● Data extract
......
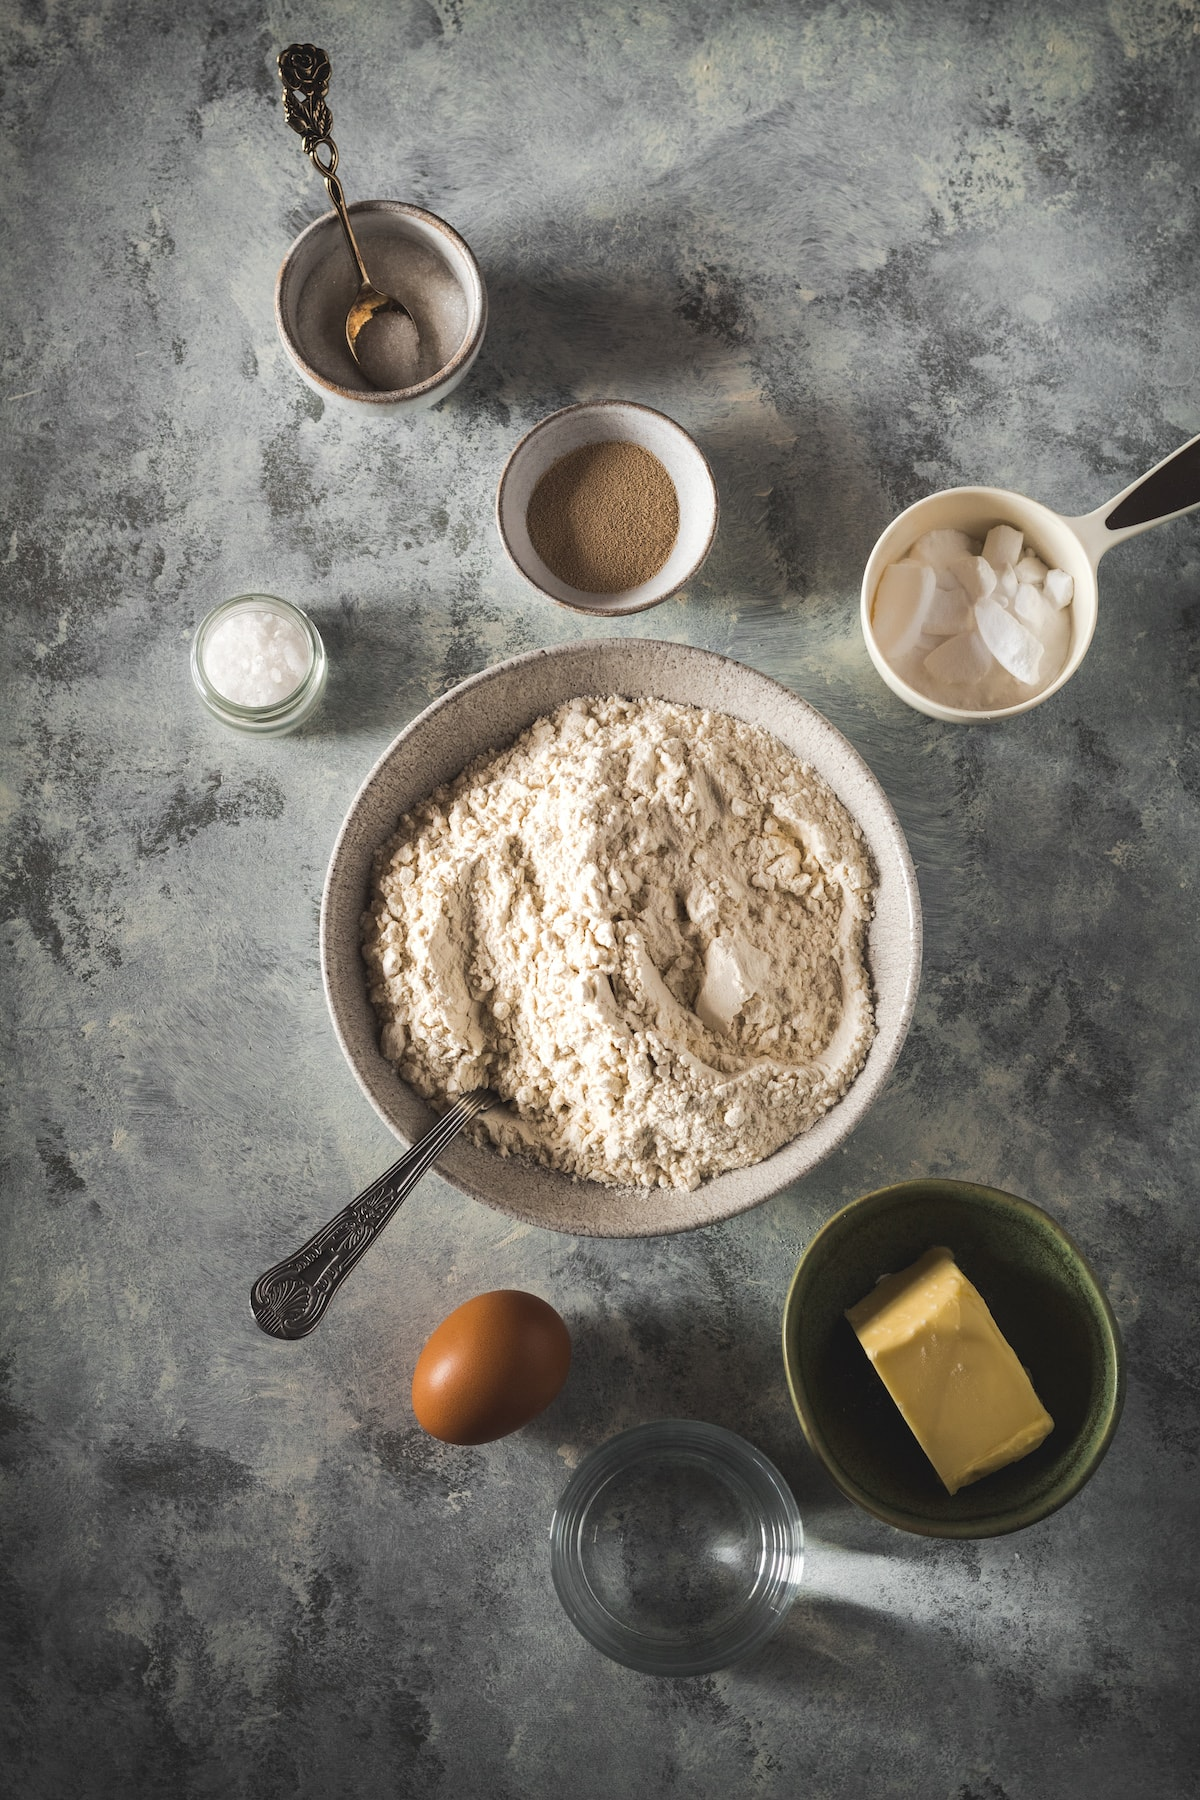 Ingredients for homemade soft pretzels.
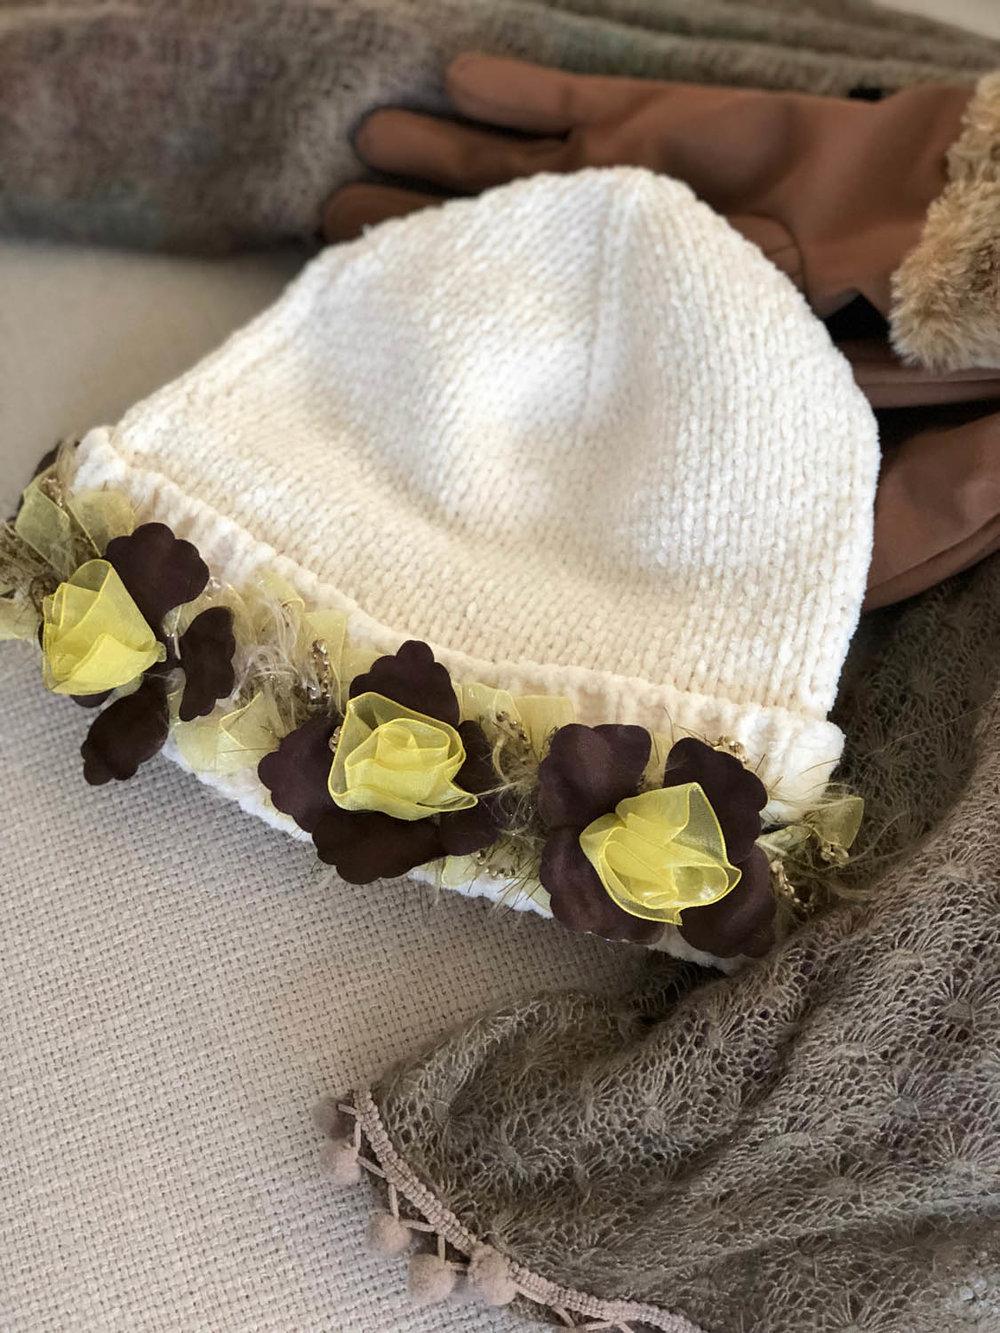 Elastic ribbon flower trim embellishing a purchased white chenille winter hat
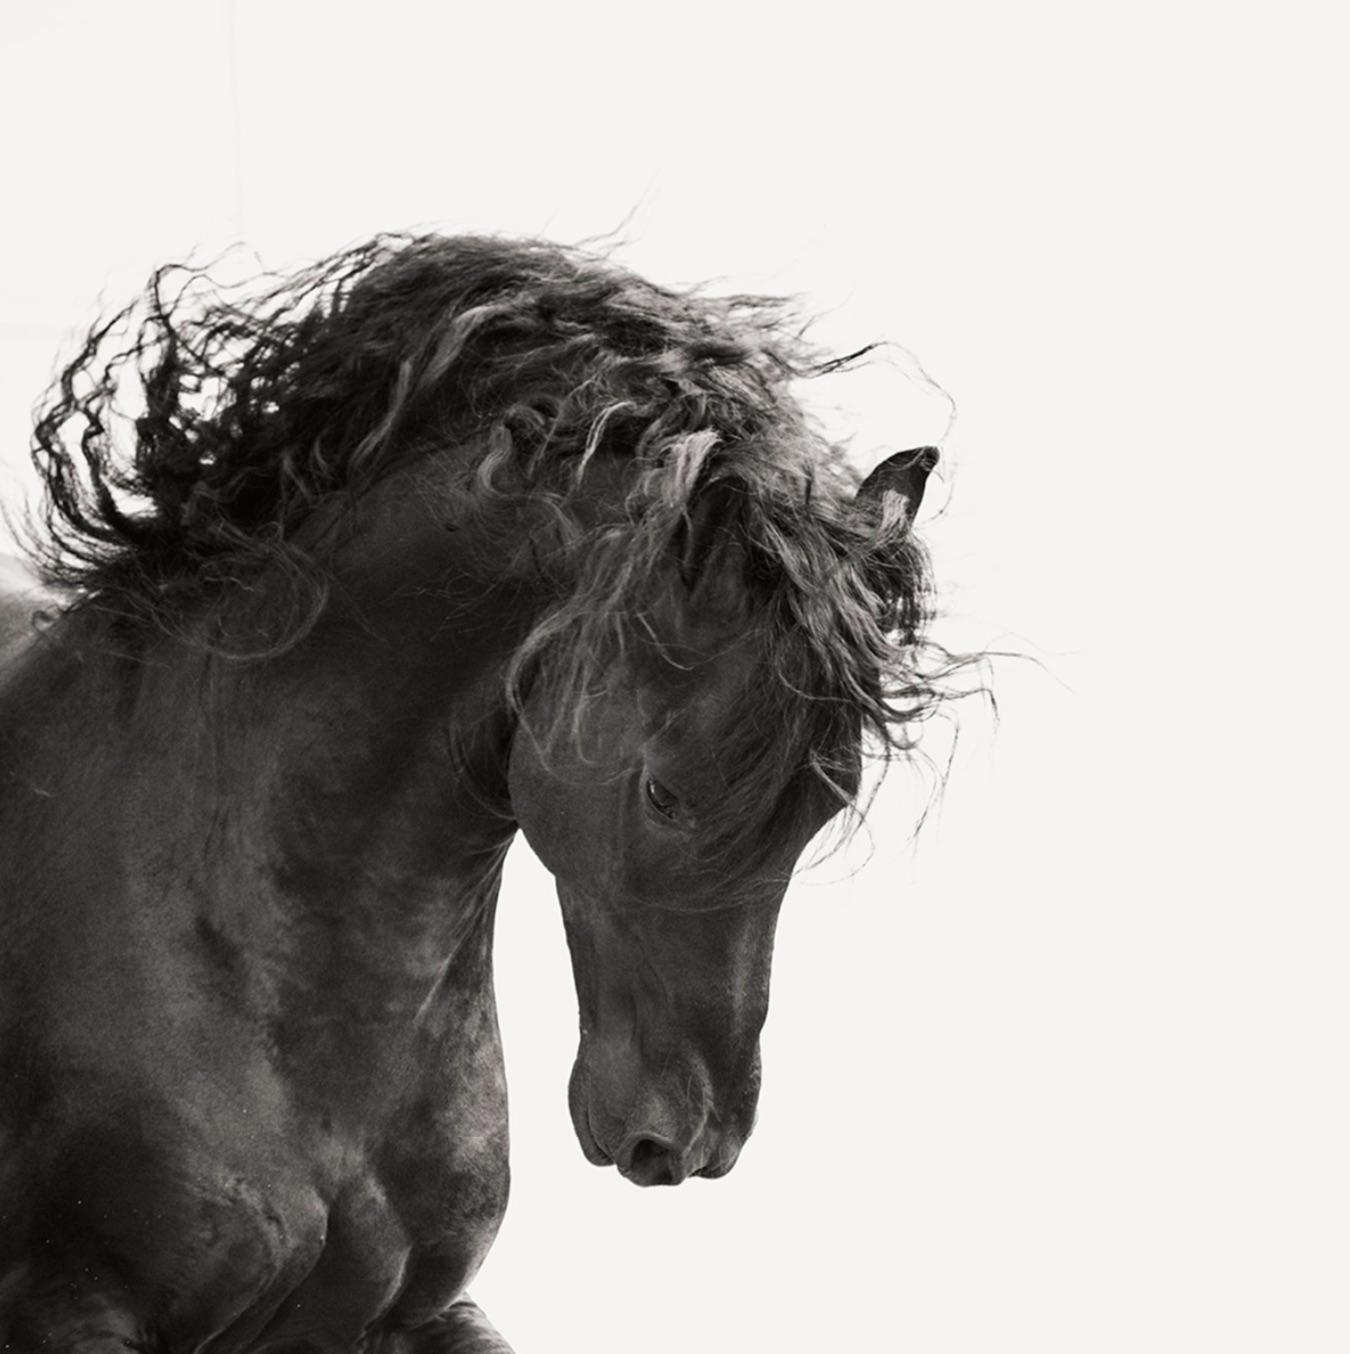 Dark Horse V 105cm x 105cm Ltd Edition of 12 - 6 remaining
......
Recopy the full listing exactly, passing over any picture.

 Ingredients for homemade soft pretzels.
 Elastic ribbon flower trim embellishing a purchased white chenille winter hat
 Dark Horse V 105cm x 105cm Ltd Edition of 12 - 6 remaining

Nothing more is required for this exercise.